A foundation model is a large AI model pre-trained on a vast quantity of data that was “designed to be adapted” (or fine-tuned) to a wide range of downstream tasks, such as sentiment analysis, image captioning, and object recognition.

Large Language Models (LLMs) are a subset of Deep Learning, a subset of Machine Learning, a subset of Artificial Intelligence. Machine Learning generate models containing algorithms based on data instead of being explicitly programmed by humans.

NLP (Natural Language Processing) vendors include:

Abnormal
Horizon3.ai
Darktrace identifies phishing emails using ML
SentinelOne

LLM creators:

OpenAI - now closed source
Google
NVIDIA
Meta (Facebook PyTorch) - open source
UC Berkeley
LMU Munich
Seyhan Lee | Artist | Generative AI Expert | AI Art Lab works on Hollywood movies

One way models are created from binary files (images, audio, and video) is “diffusion”, which draws inspiration from physics and thermodynamics. The process involves iteratively adding (Gaussian) noise for GAN (Generative Adversarial Networks) and VAE (Variational Autoencoders) algorithms to recognize until images look more realistic. This process is also called creating “Denoising Diffusion Probabilistic Models” (DDPM).

The models generated are “large” because they are the result of being trained on large amounts of data and also because they have a large number of parameters (weights) that are used for a wide variety of tasks, such as text classification, translation, summarization, question answering, grammar correction, and text generation.

The performance of large language models (LLMs) generally improves as more data and parameters are added.

The Pathways Language Model (PaLM) has 540 billion parameters, trained on Google’s 1.6 trillion parameter Switch Transformer model.
Facebook’s LaMDA has 1.2 trillion parameters.
OpenAI’s GPT-3 has 175 billion parameters.

Such large LLMs require a lot of compute power to train, so are expensive to create.

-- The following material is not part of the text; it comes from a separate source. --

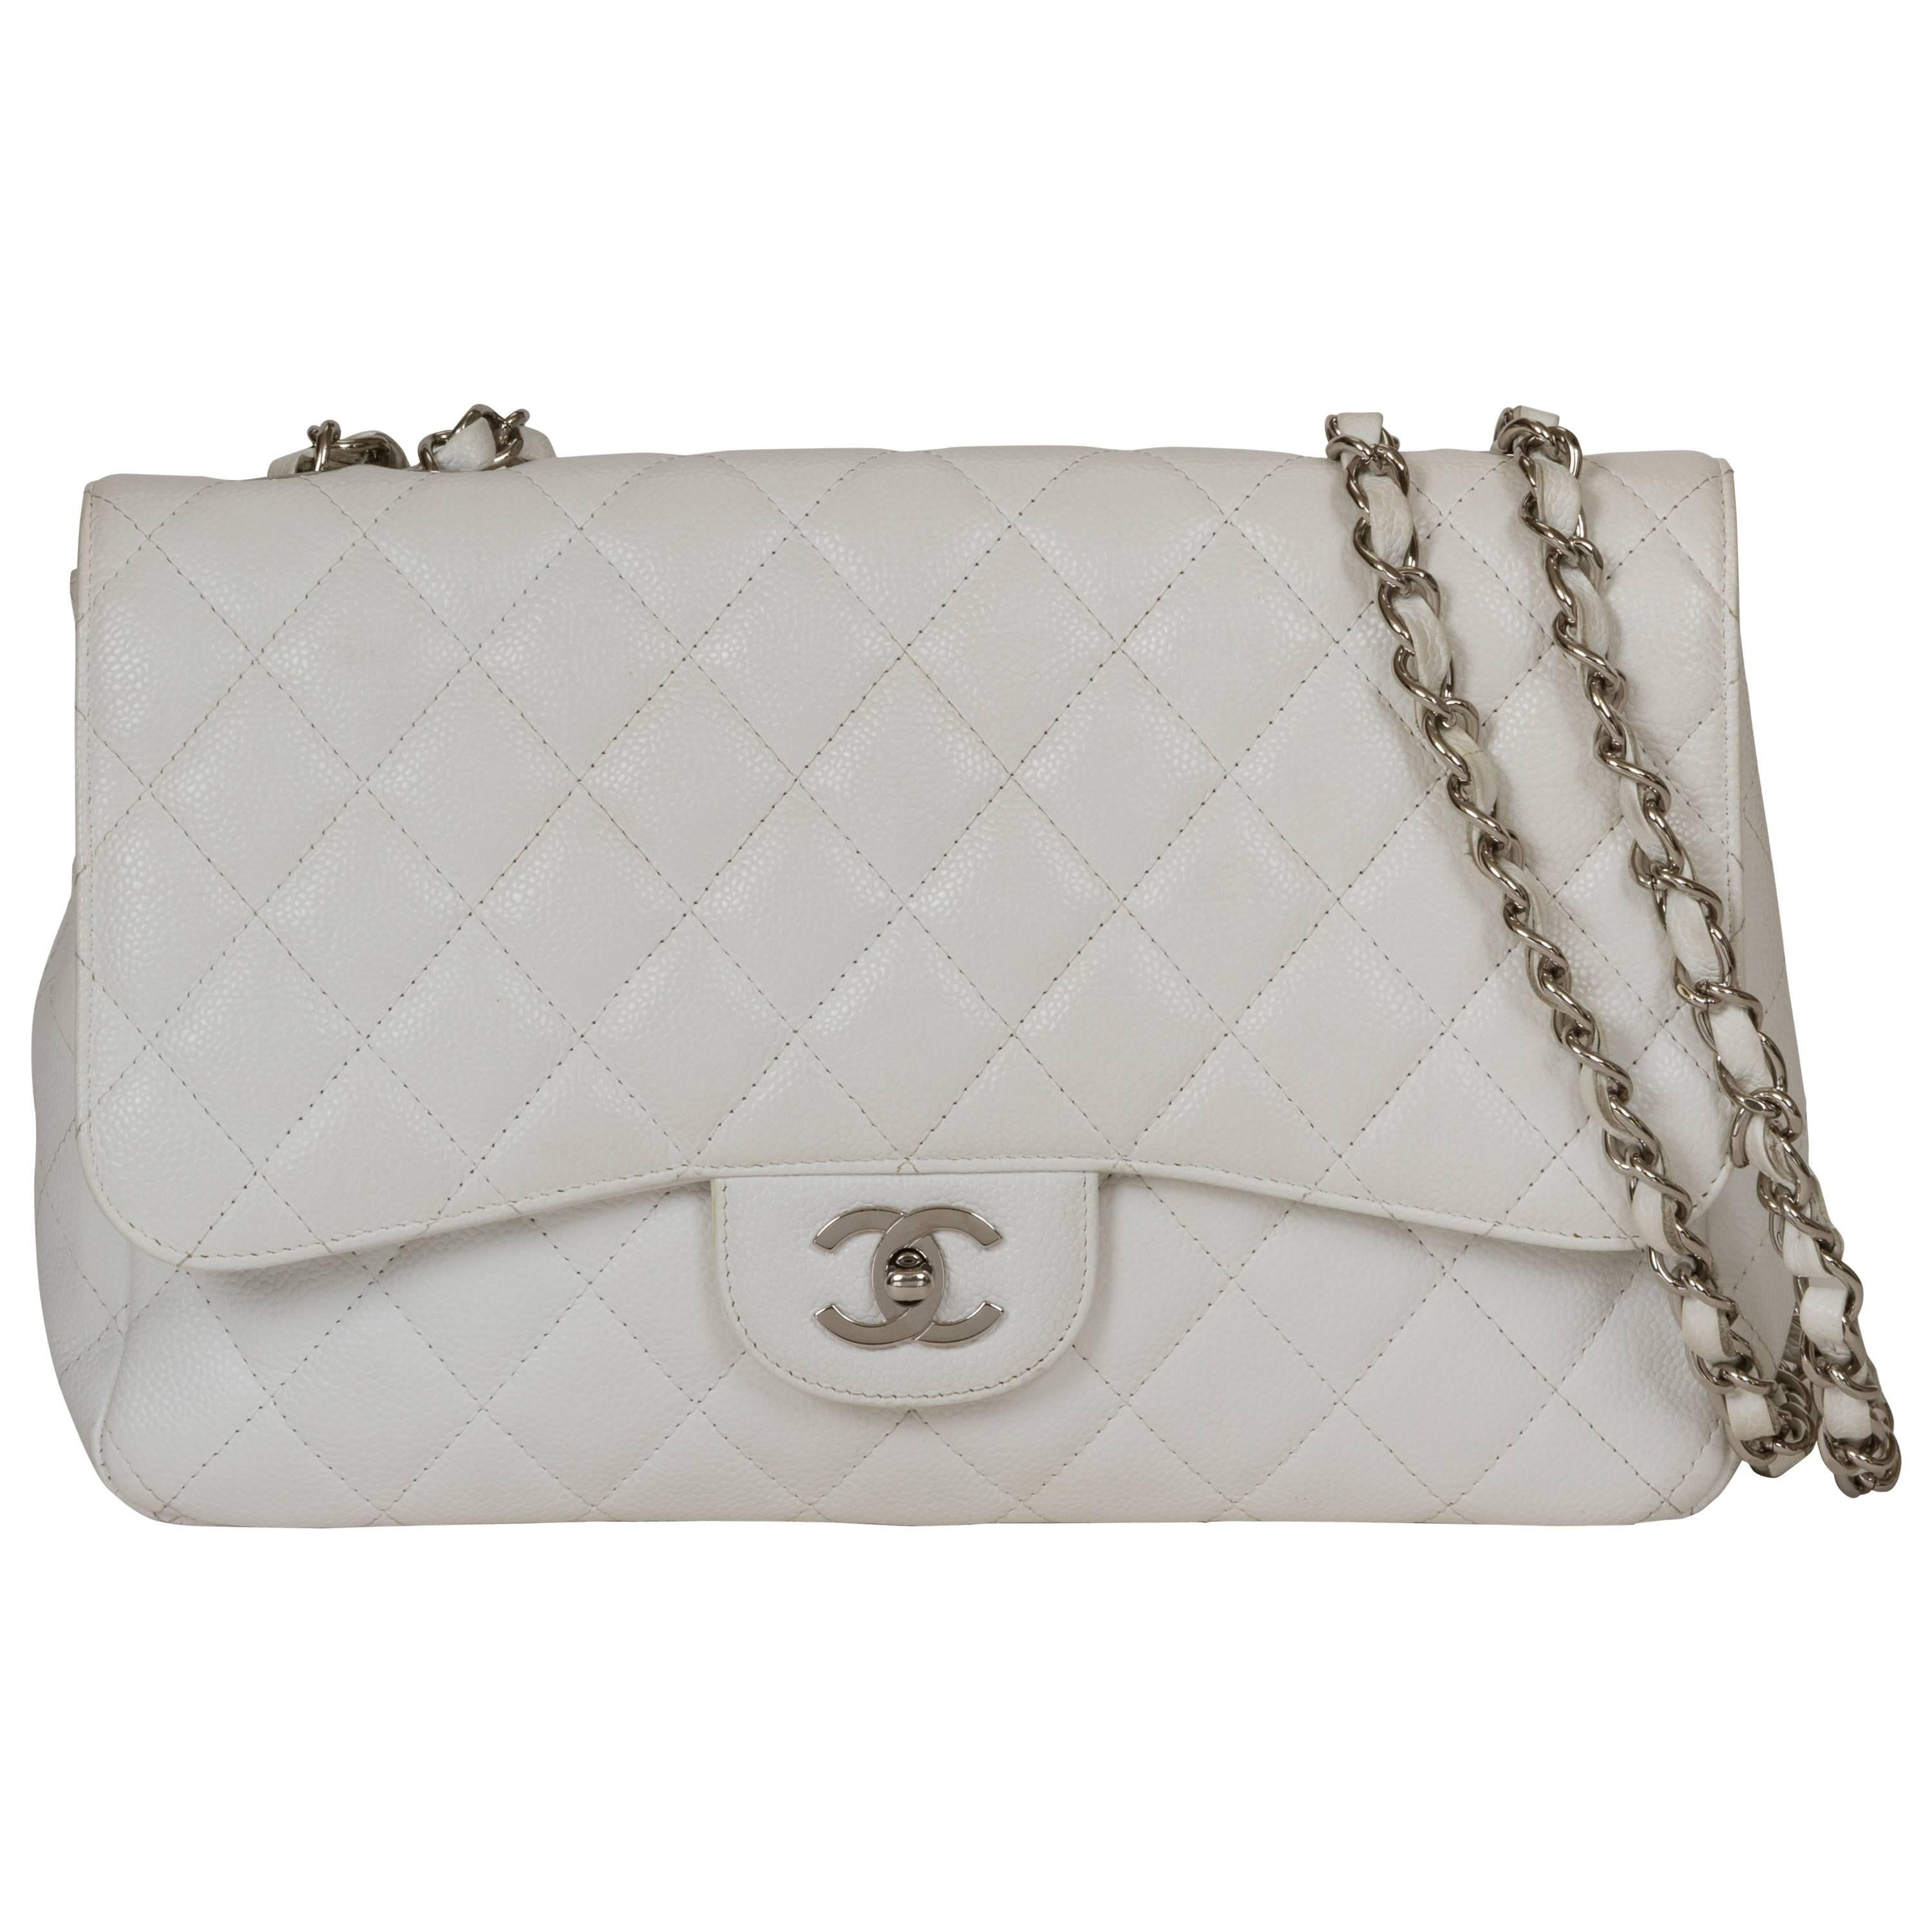 Chanel White Caviar Jumbo Single Flap Bag

Thus, LLMs currently are created only by large companies like Google, Facebook, and OpenAI.

LLMs are also called “General” Language Models because they can be used for a wide variety of tasks and contexts.

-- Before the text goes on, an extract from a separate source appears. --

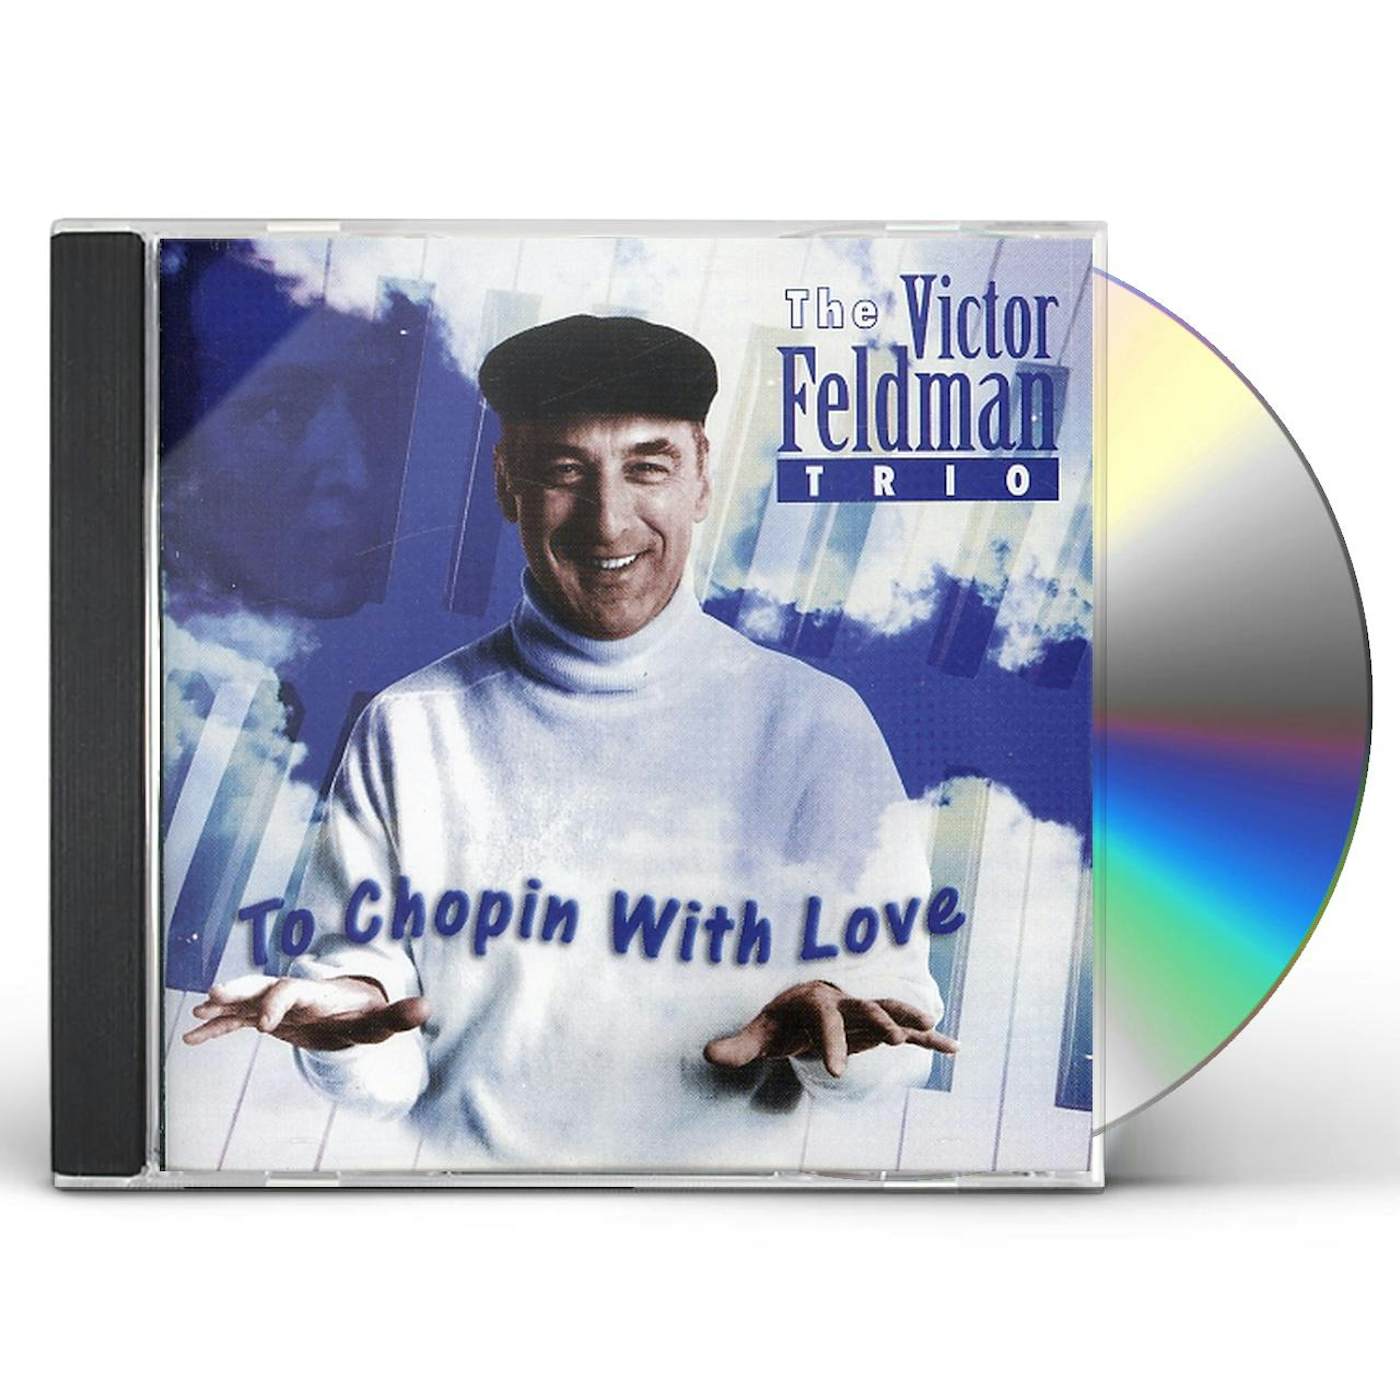 Victor Feldman TO CHOPIN WITH LOVE CD

LLMs are also called “Transformer” Language Models because they use a type of neural network called a Transformer used for language translation, summarization, and question answering. Transformers are a type of neural network that uses “attention mechanisms” to learn the relationships between words in a sentence. They are called “Transformers” because they transform one sequence of words into another sequence of words rather than more traditional “Encoder-Decoder” models that focus on the “hidden state” between individual words.

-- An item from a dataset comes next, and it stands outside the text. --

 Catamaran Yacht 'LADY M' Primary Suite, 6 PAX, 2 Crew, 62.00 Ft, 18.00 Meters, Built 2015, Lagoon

Google’s paper “Attention is all you need” publicized the Transformer architecture in 2017.
Jay Alammar’s “Illustrated Transformer” article and video explain well how Transformers work.
VIDEO: Hugging Face training vs. inference time generating new content

Attention models use a RNN “self-attention” decoder mechanism that allows the model to learn the relationships between words in a sentence. VIDEO CS25: Encoder-decoders generate text using either “greedy search” or “beam search”. Greedy search always selects the word with the highest probability, whereas beam search considers multiple possible words and selects the one with the highest combined probability.

LLMs are also called “Autoregressive” Language Models because they generate text one word at a time, based on the previous word. They are called “Autoregressive” because they are a type of neural network that uses a type of neural network called a Transformer. Transformers are a type of neural network that uses attention mechanisms to learn the relationships between words in a sentence. They are called “Transformers” because they transform one sequence of words into another sequence of words.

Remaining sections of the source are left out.